Geometric analysis of the spontaneous electrical activity in anterior pituitary corticotrophs

Abstract

Pituitary cells are electrically excitable. A core set of intracellular ion channels cooperate in providing the basic conditions for the generation of electro-excitable patterns. Although much data have been accumulated on electrophysiological recordings of corticotrophs, there is an unclear triggering relationship between the secretory function of the cells and the electrical activity pattern. Fletcher et al. established a conductance-based 6-dimensional mathematical model to capture the detailed features of three spontaneous firing activities observed in electrophysiological experiments.

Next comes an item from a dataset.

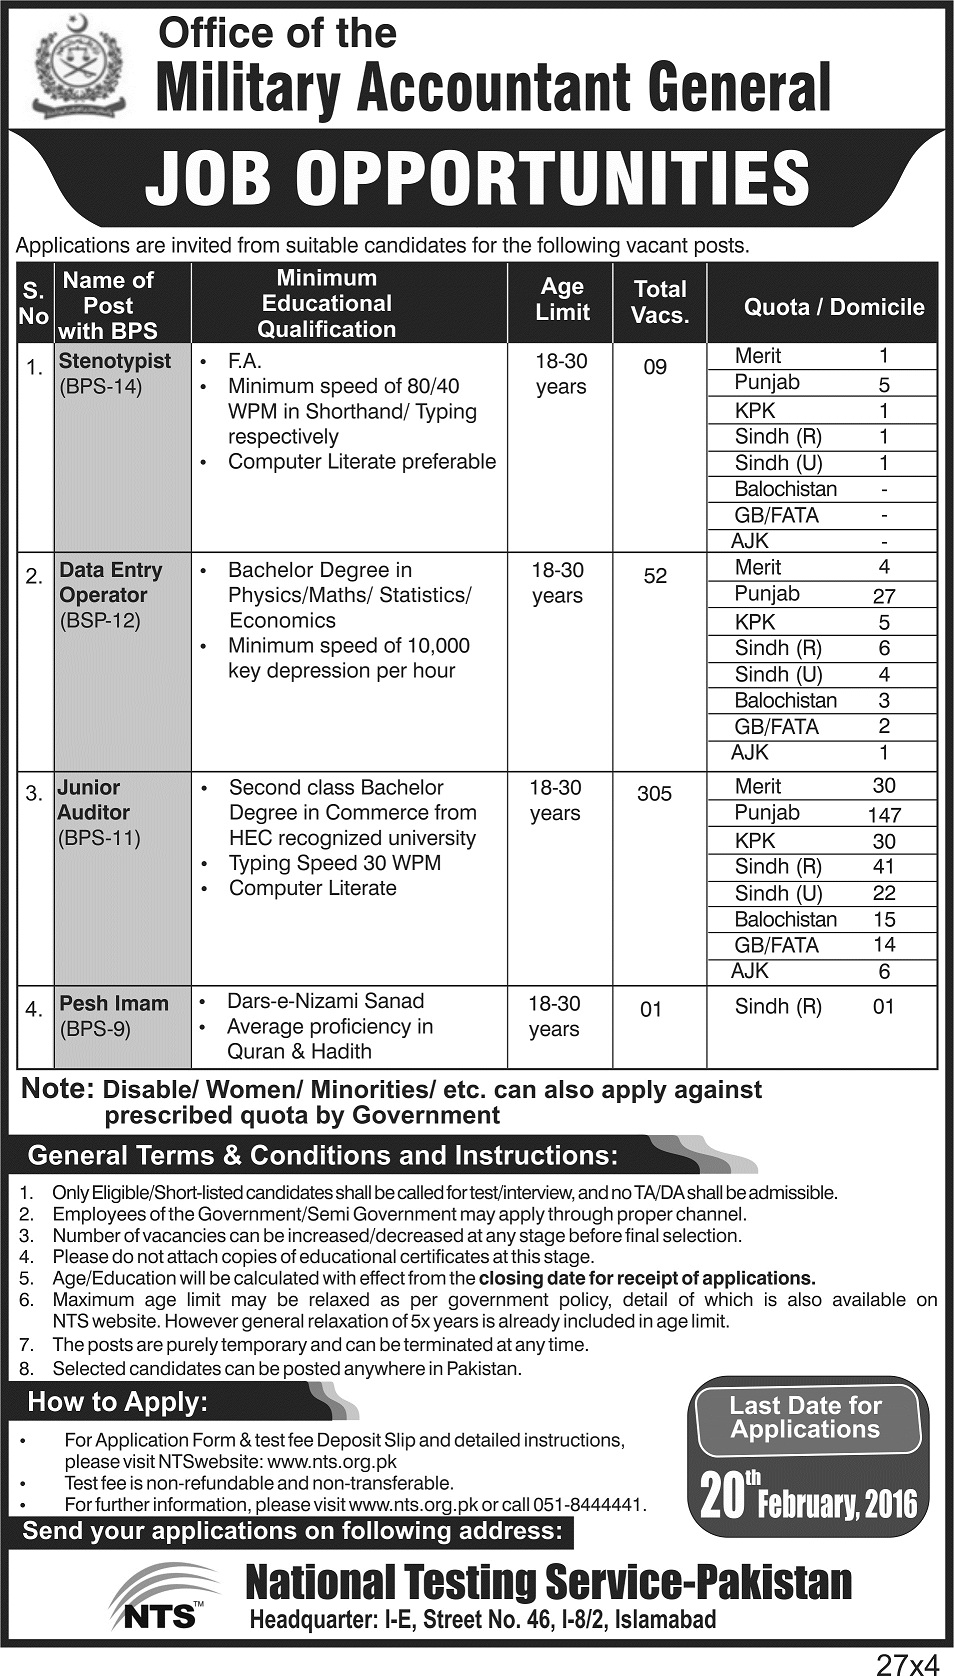 PMDA Pakistan Military Accountant General Jobs 2016 NTS Application Form Last Date

This paper employs eigenvalue analysis and curve fitting to simplify the original model to a 4-dimensional one. The simplified model maintains many aspects of the firing activity of the original model. Then, considering the development of system variables on multiple time scales, the geometric singular perturbation theory and fast/slow analysis are utilized to observe the system's intrinsic transients and the long-term evolution of each attractor from a multi-geometric perspective. In particular, singular periodic orbits of the corticotropic model are constructed to explore the dynamic mechanism of cells firing. The dynamic mechanism of mixed-mode oscillations in this model is also revealed. The analysis helps us gain insight into the corticotrophs model from a low-dimensional subsystem and provides a new perspective on the origin of cellular spontaneous firing activity.